Wednesday 12 November 2008

Wound Management

See this is something I can get into! Everyday I get chances to re-assess my patient's wounds and alter the dressings if needed. (I still do it under supervision, those alterations, by the way)

I've seen some right stupid combinations that make you question what the nurse was sniffing when they came up with it.
I've seen:
Wounds you could stick your fist into
Infected surgical incisions
Sinuses that constantly leak
Ulcers that lead all the way down too muscle / tendon / bone
Oh and the occasional not infected, clean, well healing site.

But what happens when the wounds are not so easily dressed? When say they aren't on the outside? When, dare I say it, stray into mental health territory?

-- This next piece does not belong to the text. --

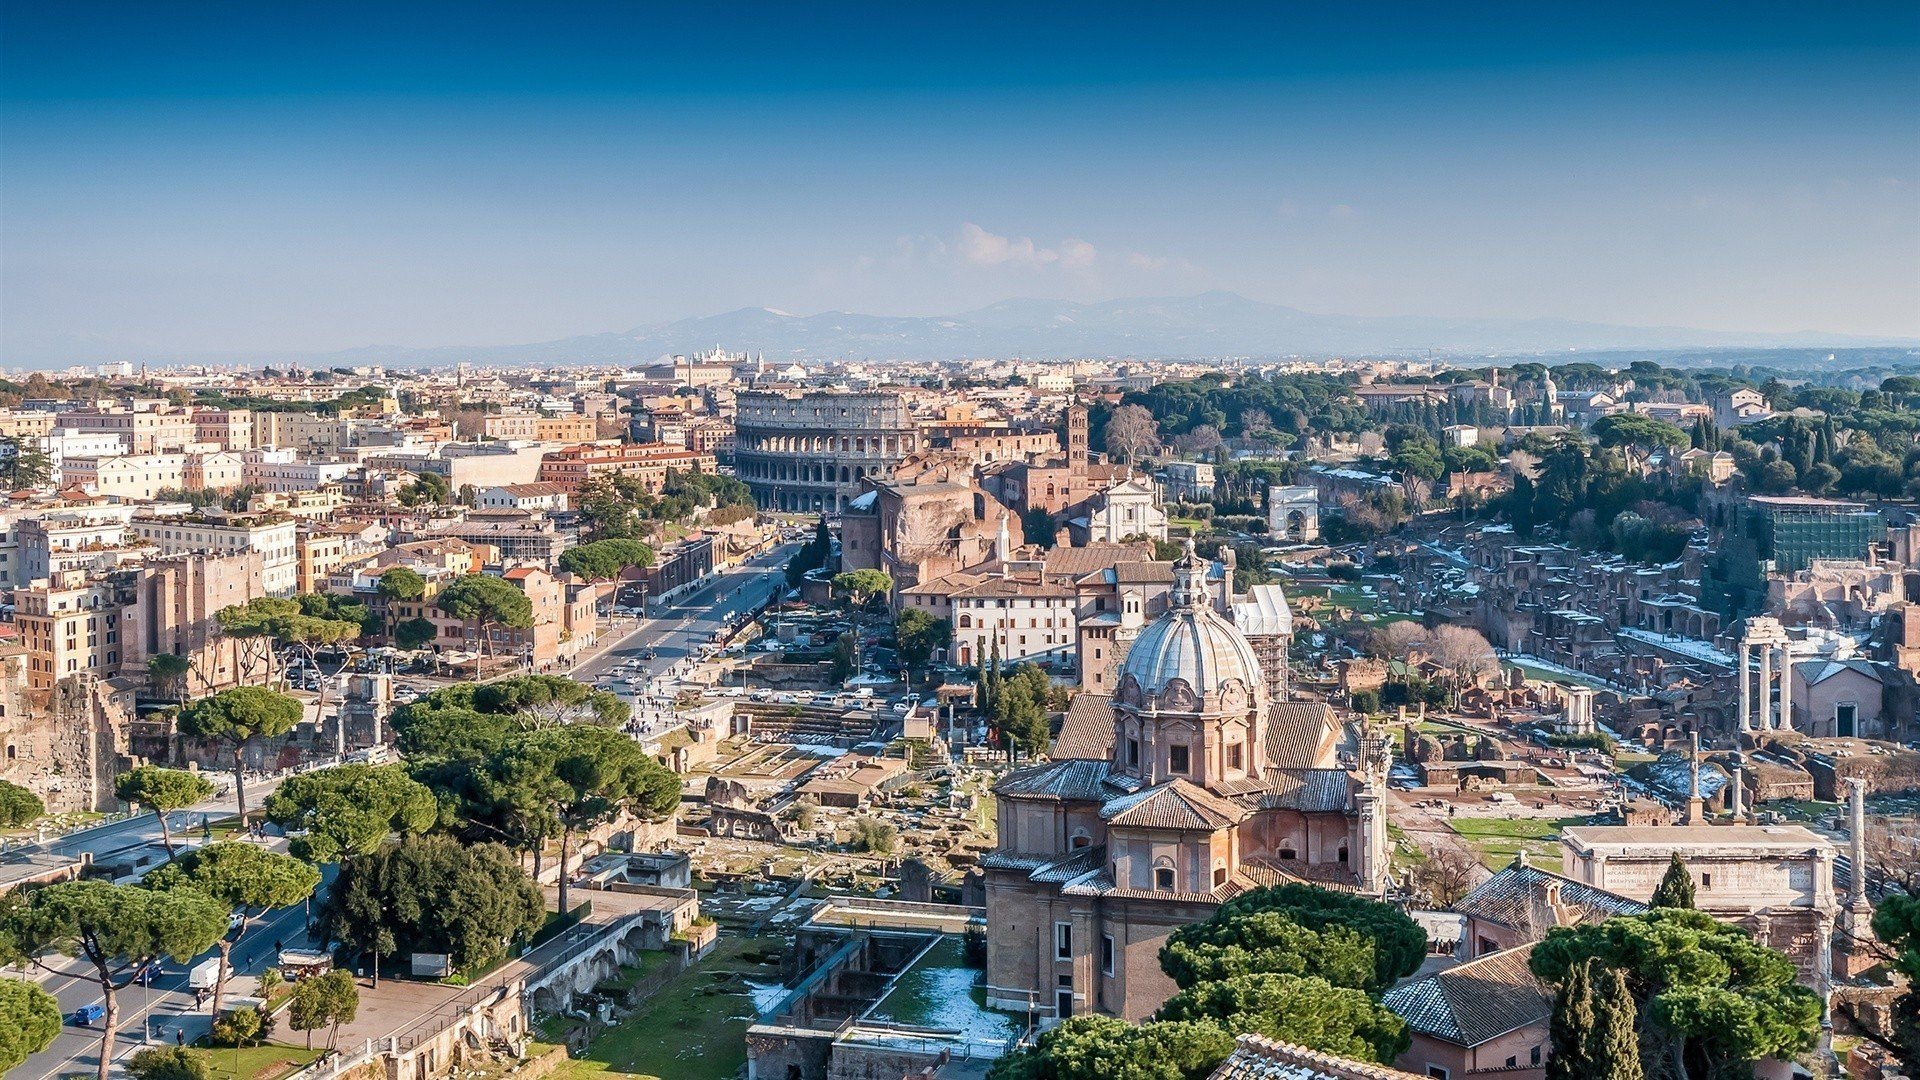 Rome skyline, Ancient wonders, Eternal city, Italian grandeur, 1920x1080 Full HD Desktop

The uni's shrink is trying to fix me. We've done this dance before and once before I thought I was healed. But for now there's something missing and I can't fill the gap with panic attacks because it makes me a crap nurse.

3 comments:

Alpine, R.N. said...

for sheer wound-dressing creativity you cannot beat the idea of one of my professors- an old-fashioned woman's garter belt used to clip the edges and hold on a pair of dressings on a traumatic bilateral-amputation above the knee.

WardBunny said...

See that is genius at work! But you don't see many of those every day!

Anonymous said...

(holding down my food)

Wounds and me DO NOT get along.

I'm glad there are nurses like yourself! Otherwise I'd be in trouble.